* Your instructions: Within the entries below, please return exactly the lines from the one with "17sdcsdsdc Magazine Design" through the one with "Comment Se Débarrasser", leaving out any pictures.

* Records:
§ §
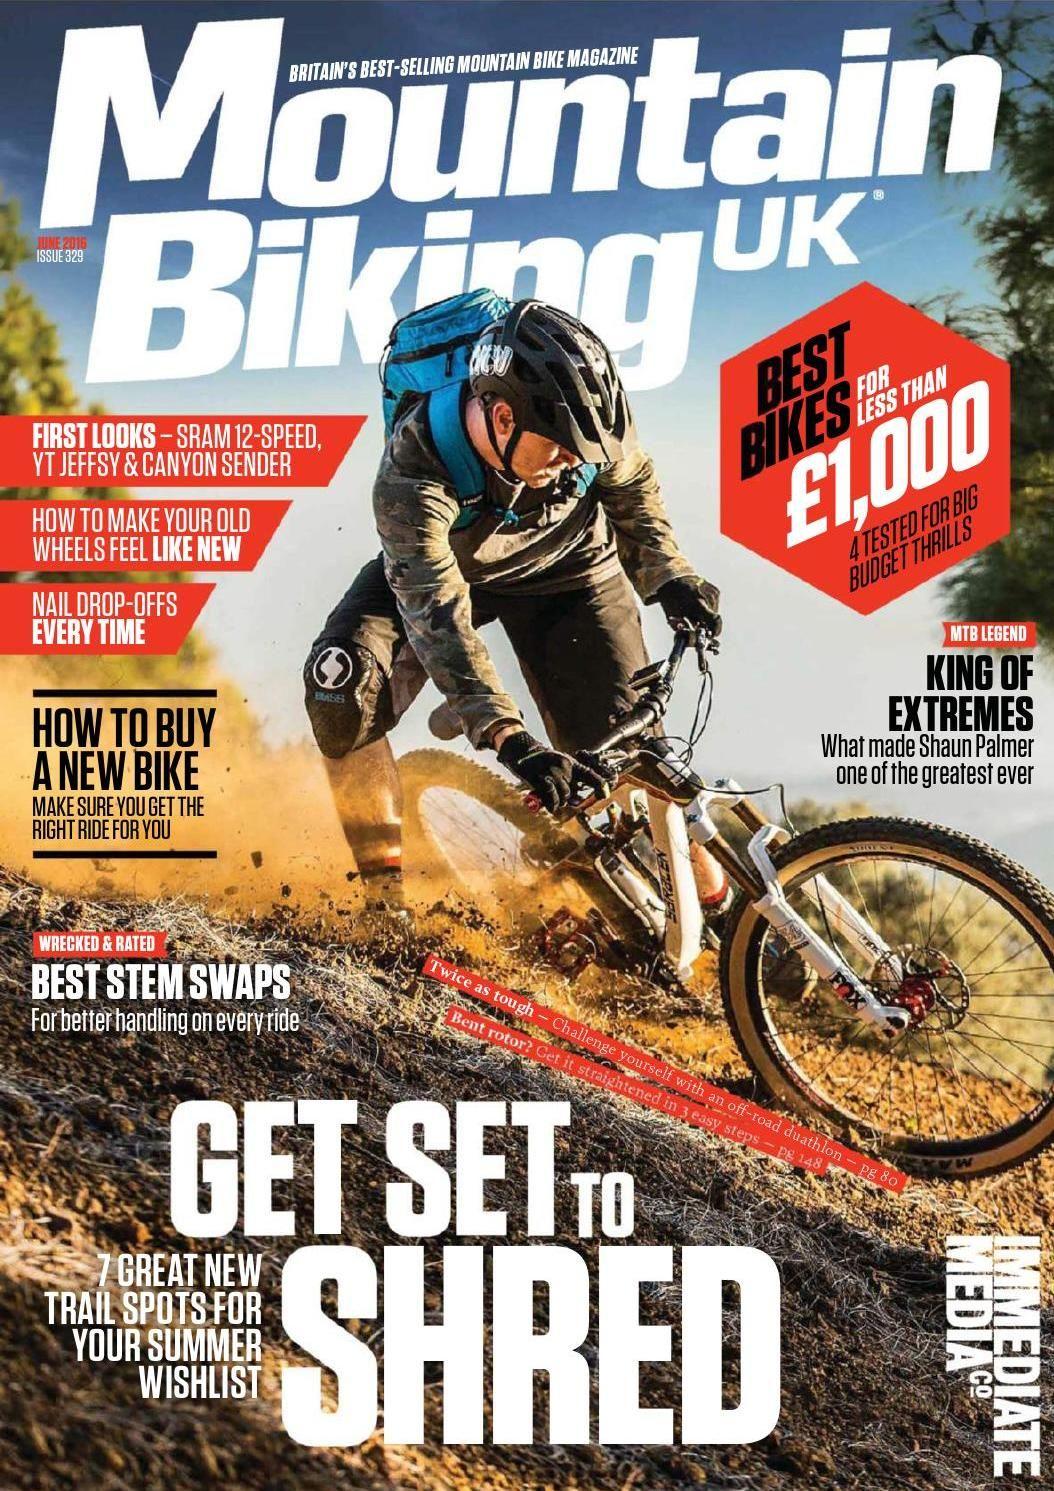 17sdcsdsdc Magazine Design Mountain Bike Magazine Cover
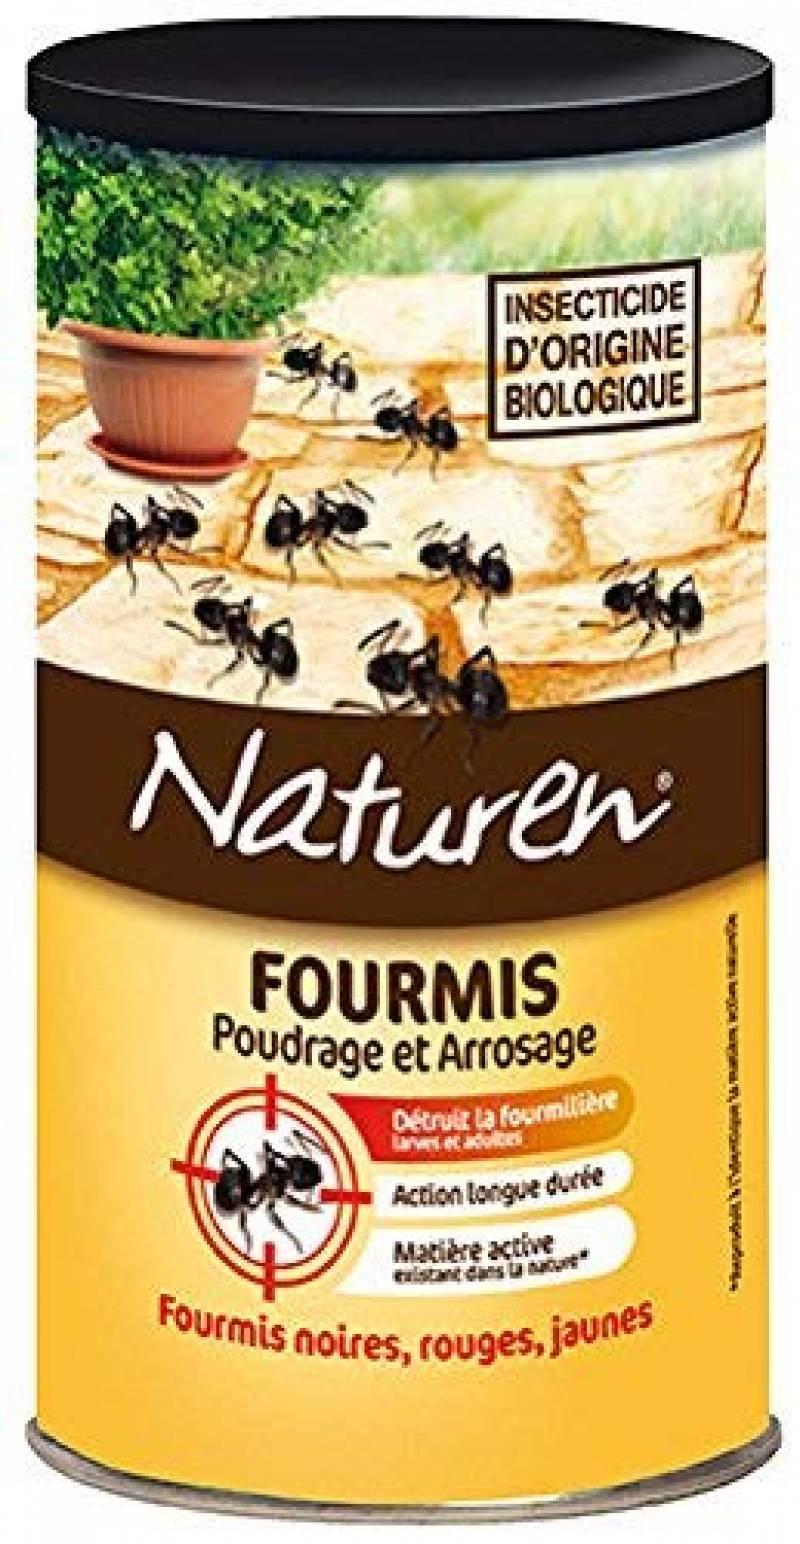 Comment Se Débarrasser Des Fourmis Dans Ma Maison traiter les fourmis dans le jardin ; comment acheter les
§ §
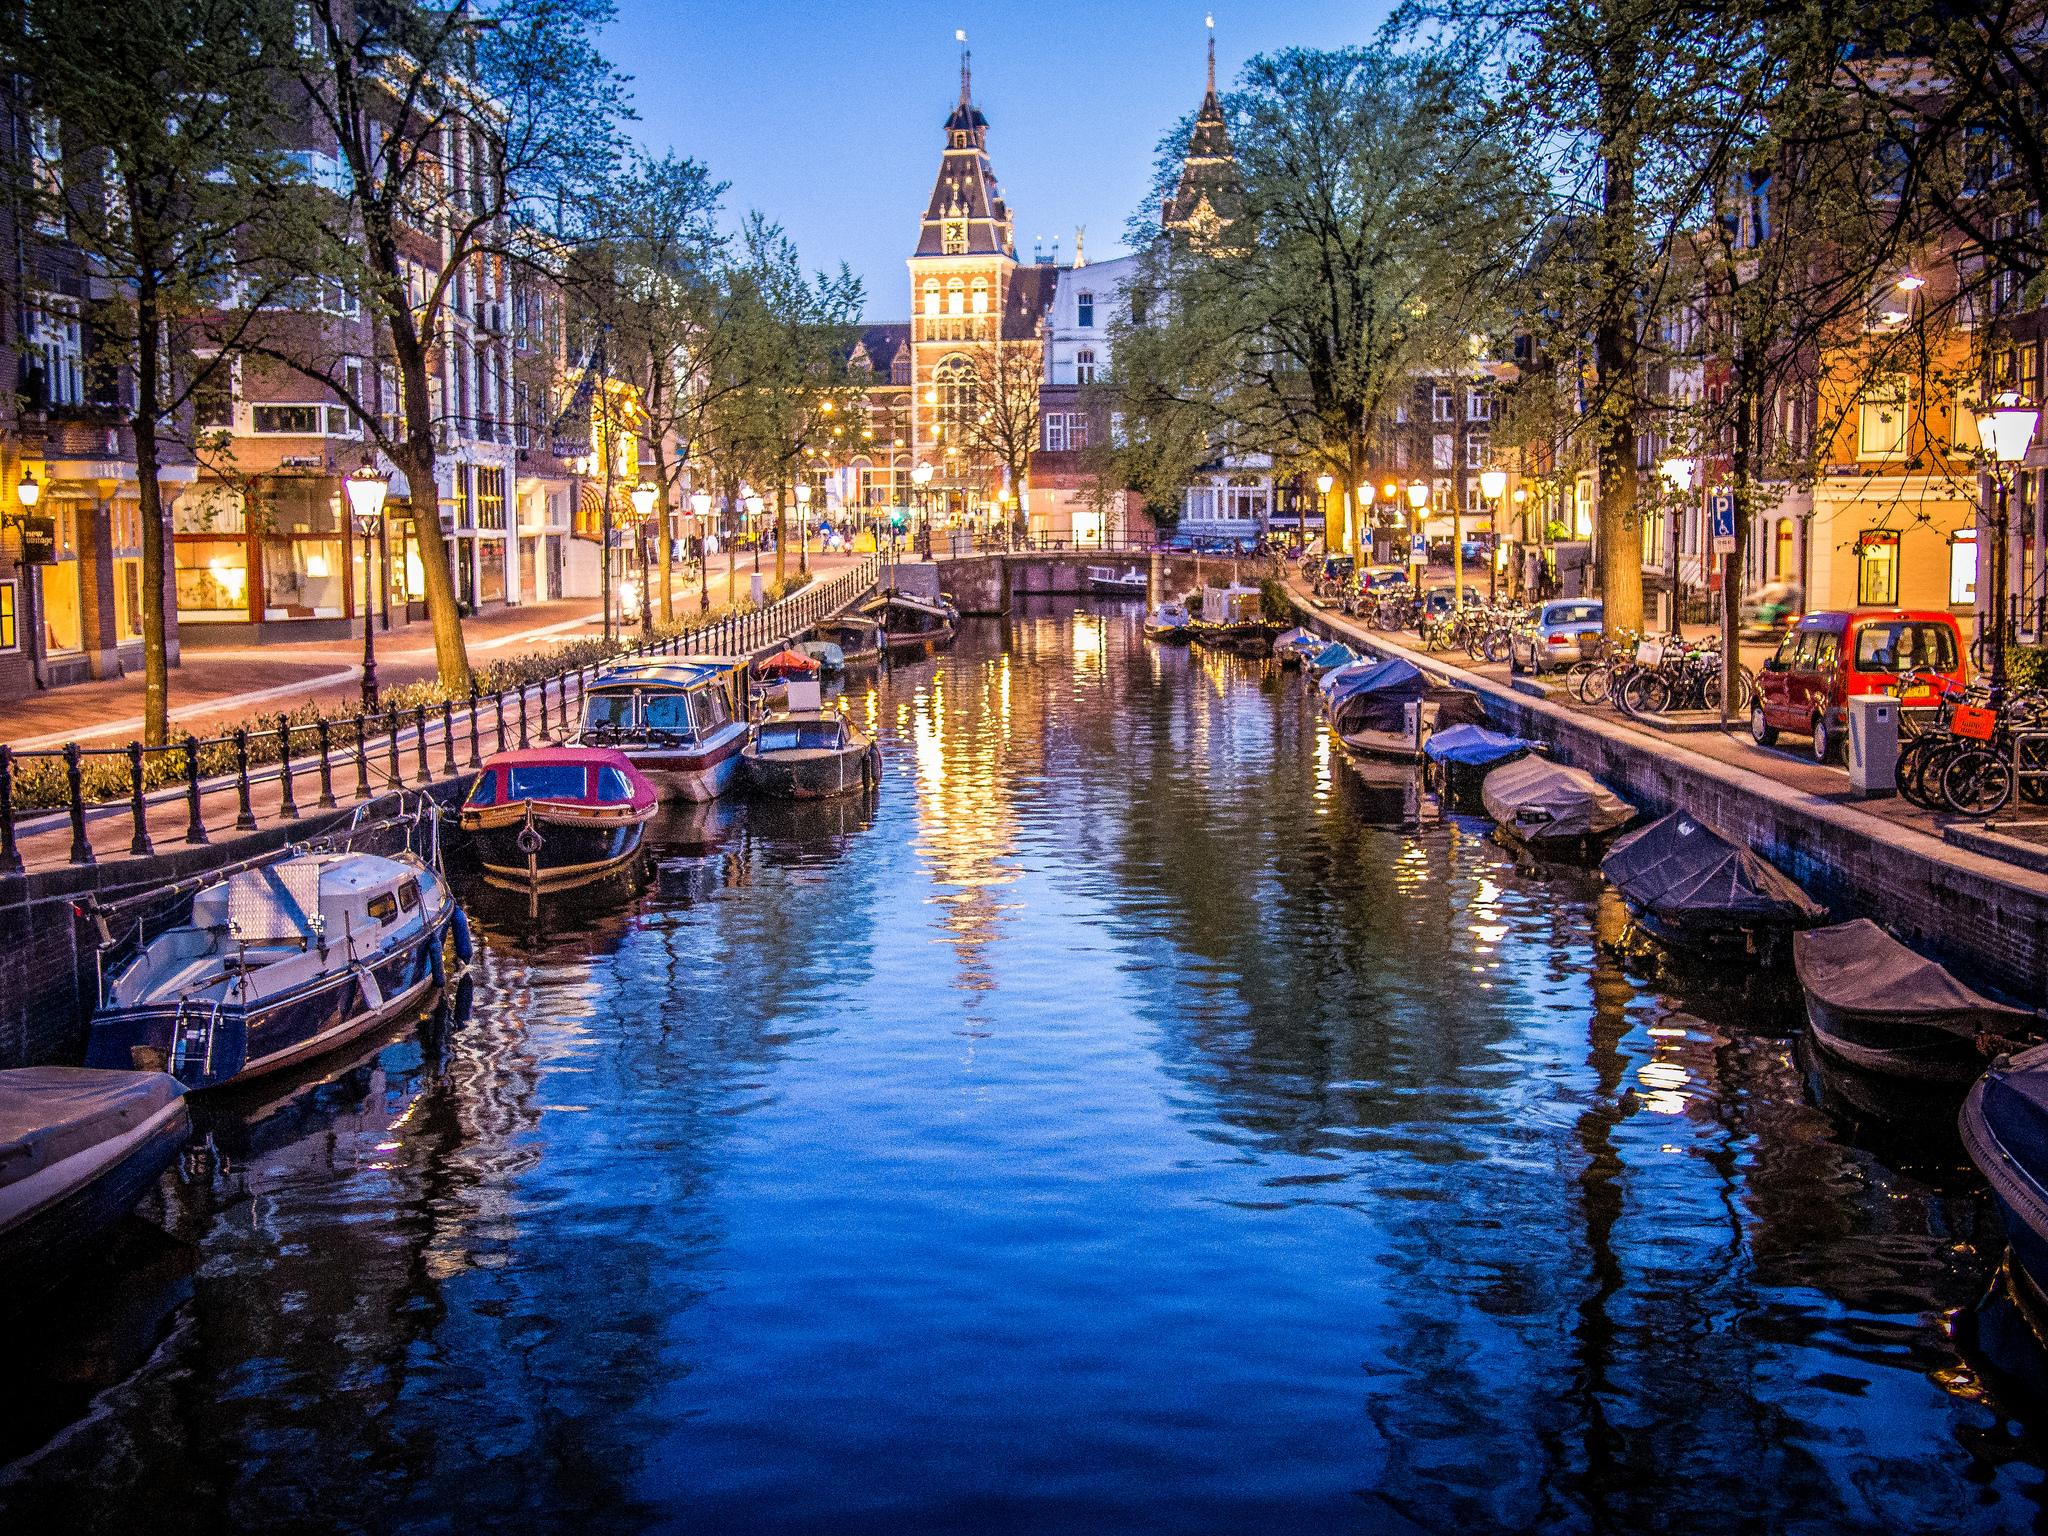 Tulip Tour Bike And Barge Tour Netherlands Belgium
§ §
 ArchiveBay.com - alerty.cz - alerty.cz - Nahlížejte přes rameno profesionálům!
§ §
* Task output:
 17sdcsdsdc Magazine Design Mountain Bike Magazine Cover
 Comment Se Débarrasser Des Fourmis Dans Ma Maison traiter les fourmis dans le jardin ; comment acheter les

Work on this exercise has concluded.